I have a list of urls->small numbers. numbers represents the importance of each URL

url, value
https://mywebsite.com/p/1, 0.00212
https://mywebsite.com/p/2, 0.00208
https://mywebsite.com/p/3, 0.00201
https://mywebsite.com/p/4, 0.00138
https://mywebsite.com/p/5, 0.00067
https://mywebsite.com/p/1, 0.00001
...

let's say the sum of values = 1 I would like to represent those number within a scale of 0-10 and maintaining a kind of ratio difference between numbers

url, value, scaled_value
https://mywebsite.com/p/1, 0.00212, 10
https://mywebsite.com/p/2, 0.00208, 9
https://mywebsite.com/p/3, 0.00201, 9
https://mywebsite.com/p/4, 0.00138, 6
https://mywebsite.com/p/5, 0.00067, 3
https://mywebsite.com/p/1, 0.00001, 1
...

something like this (I don't know if the ratio difference here is maintained tho) any one can help with the maths ? thanks

#Update

thanks to @annZen help, I tried two approach, but the results are different I don't know why. if someone can help ?

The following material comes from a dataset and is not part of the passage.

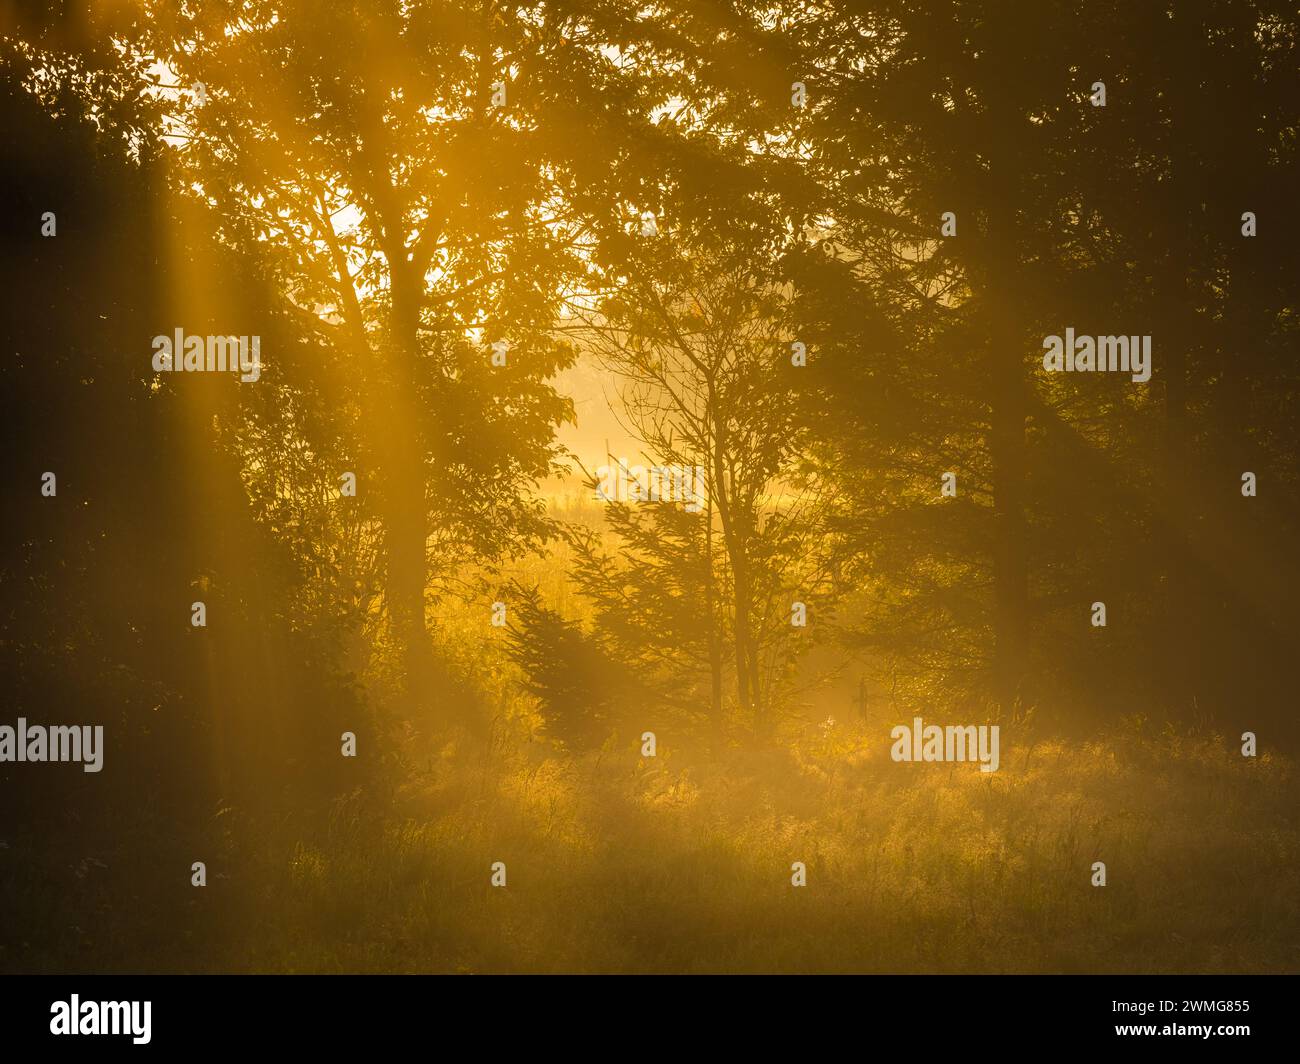 Le soleil tôt le matin jette une lueur dorée chaude à travers la brume parmi les arbres dans une forêt suédoise tranquille. La lumière filtre à travers les branches, créa Banque D'Images
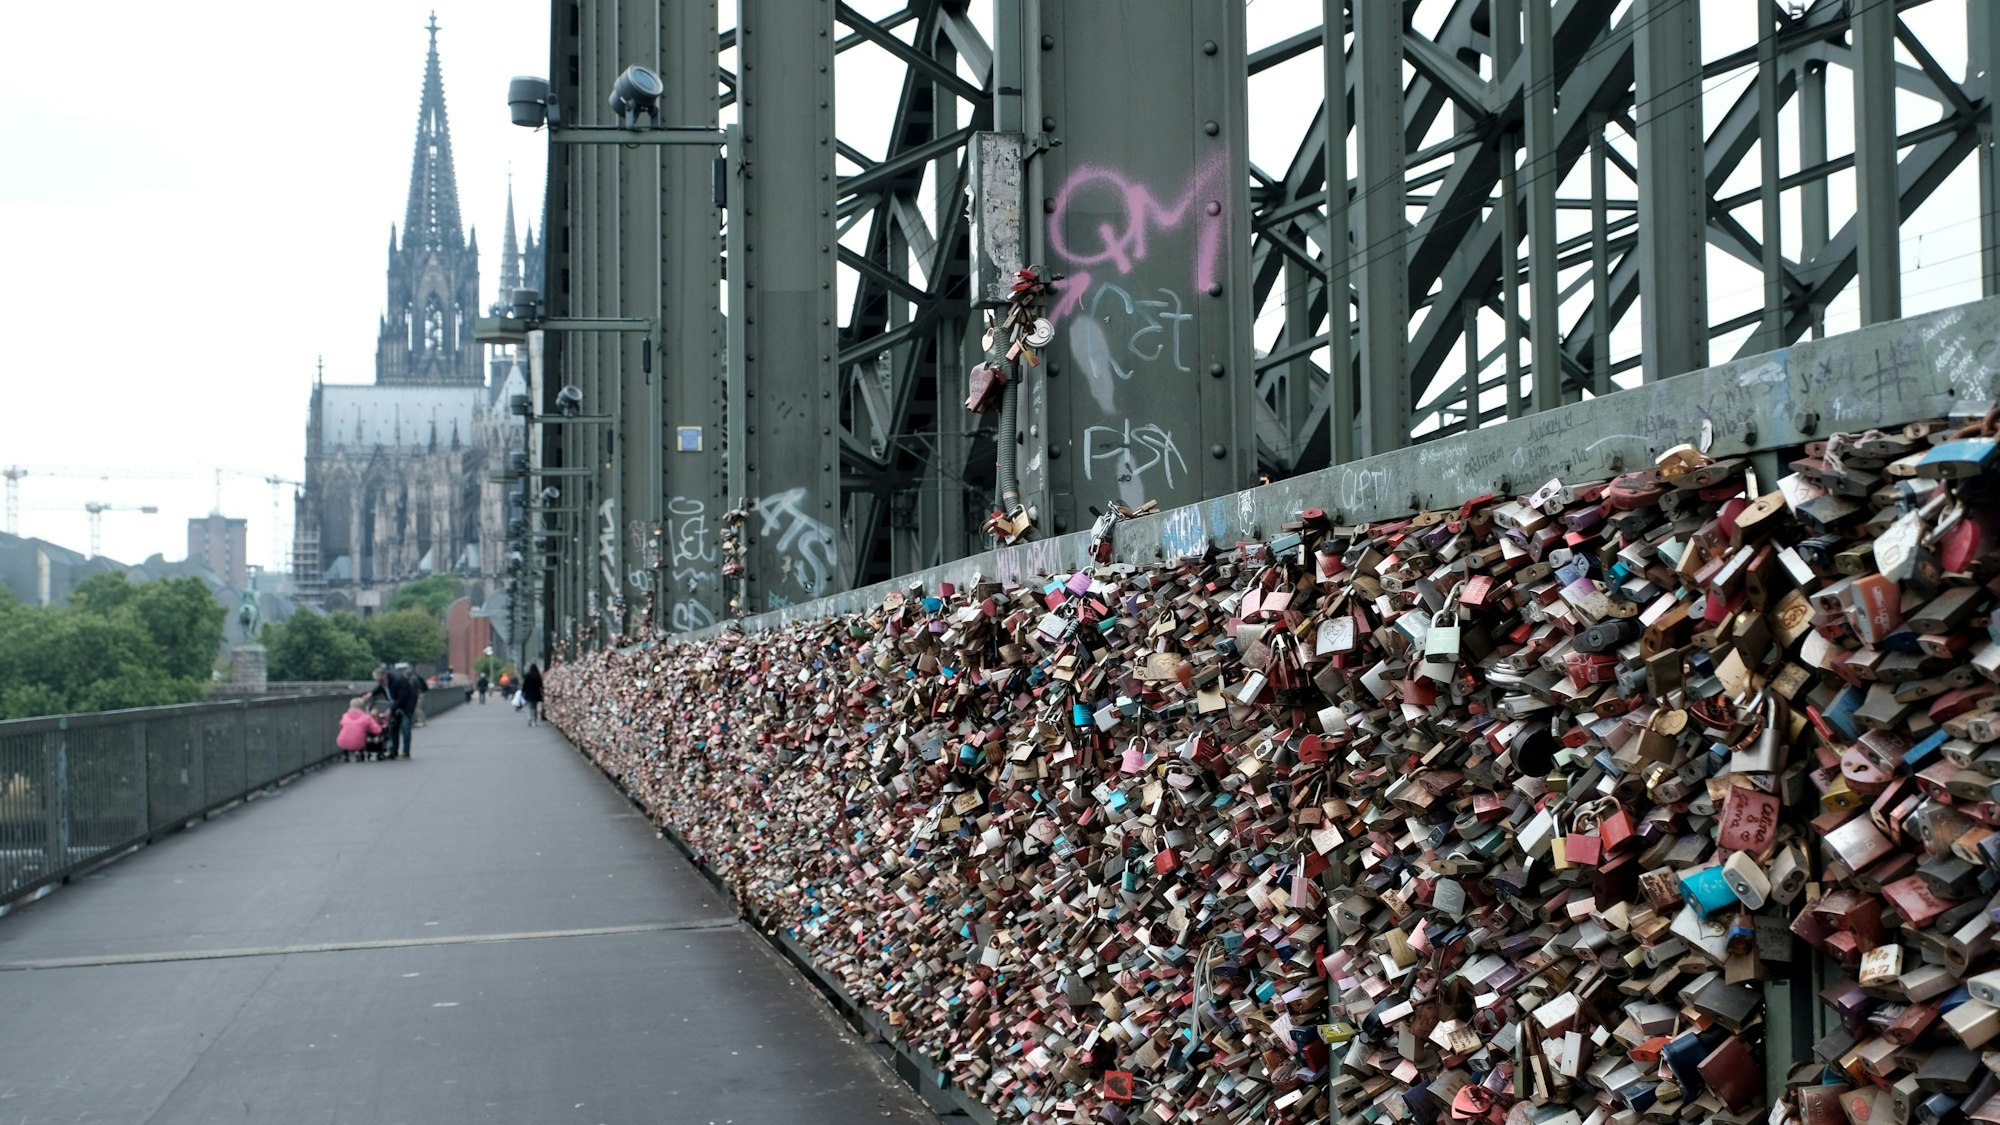 Liebesschlösser hängen an der Hohenzollernbrücke in Köln.

enter image description here

here are the two formulas I used :

res1 = round(x*9/maxpri)+1
res2 = round(((x-minpri)/(maxpri-minpri))*10, 2)

Solution

  • Here is a way:

    with open('file.txt', 'r') as p:
        lst = p.read().splitlines() # List all the lines of the file
    
    lst2 = [float(i.split(', ')[1]) for i in lst[1:]] # List all the floats
    
    num = [round(a*9/max(lst2))+1 for a in lst2] # List all the scaled numbers
    
    for i,(l,n) in enumerate(zip(lst,['scaled_value']+num)):
        lst[i] = f"{l}, {n}" # Add the 'scaled_value' column
    
    with open('file.txt', 'w') as p:
        p.write('\n'.join(lst)) # Write the updated data into the file
    

    Before:

    url, value
    https://mywebsite.com/p/1, 0.00212
    https://mywebsite.com/p/2, 0.00208
    https://mywebsite.com/p/3, 0.00201
    https://mywebsite.com/p/4, 0.00138
    https://mywebsite.com/p/5, 0.00067
    https://mywebsite.com/p/1, 0.00001
    

    After:

    url, value, scaled_value
    https://mywebsite.com/p/1, 0.00212, 10
    https://mywebsite.com/p/2, 0.00208, 10
    https://mywebsite.com/p/3, 0.00201, 10
    https://mywebsite.com/p/4, 0.00138, 7
    https://mywebsite.com/p/5, 0.00067, 4
    https://mywebsite.com/p/1, 0.00001, 1
    



    UPDATE:

    The part of my code that does the converting is:

    num = [round(a*9/max(lst2))+1 for a in lst2]
    

    where lst2 is simply the list of floats extracted from the file. You updated the question for me to explain the difference between

    res1 = round(x*9/maxpri)+1
    res2 = round(((x-minpri)/(maxpri-minpri))*10, 2)
    

    Lets first see then in my list comprehension:

    num1 = [round(x*9/max(lst2))+1 for x in lst2]
    num2 = [round(((x-min(lst2))/(max(lst2)-min(lst2)))*10, 2) for x in lst2]
    print(num1)
    print(num2)
    

    Output:

    [10, 10, 10, 7, 4, 1]
    [10.0, 9.81, 9.48, 6.49, 3.13, 0.0]
    

    The first clearest difference is that i rounded my answer to the nearest integer. Without it, it would be:

    num1 = [round(x*9/max(lst2), 2)+1 for x in lst2]
    num2 = [round(((x-min(lst2))/(max(lst2)-min(lst2)))*10, 2) for x in lst2]
    print(num1)
    print(num2)
    

    Output:

    [10.0, 9.83, 9.53, 6.86, 3.84, 1.04]
    [10.0, 9.81, 9.48, 6.49, 3.13, 0.0]
    

    The values are now very close, but there's one more thing. My code assumes that the minimum value for the scaled values is 1, because I saw in your post https://mywebsite.com/p/1, 0.00001, 1. I now realize that you stated 0-10, not 1-10. So that another is to change the 9 (10-1=9) to a 10(10-0=10), and removing the +1:

    round(x*9/max(lst2), 2)+1
    round(x*10/max(lst2), 2)
    

    num1 = [round(x*10/max(lst2), 2) for x in lst2]
    num2 = [round(((x-min(lst2))/(max(lst2)-min(lst2)))*10, 2) for x in lst2]
    print(num1)
    print(num2)
    

    Output:

    [10.0, 9.81, 9.48, 6.51, 3.16, 0.05]
    [10.0, 9.81, 9.48, 6.49, 3.13, 0.0]
    

    Still a little different, that's because I assumed the minimum value in your column is 0, because you didn't show your whole array. But in this case, it's 0.00001. So, go with:

    num = [round(((x-min(lst2))/(max(lst2)-min(lst2)))*10, 2) for x in lst2]
    

    Summary: My code assumed that you wanted the numbers scaled from 1 to 10, instead of 0 to 10, and my code assumed that the minimum value for your data is 0, which might not be the case.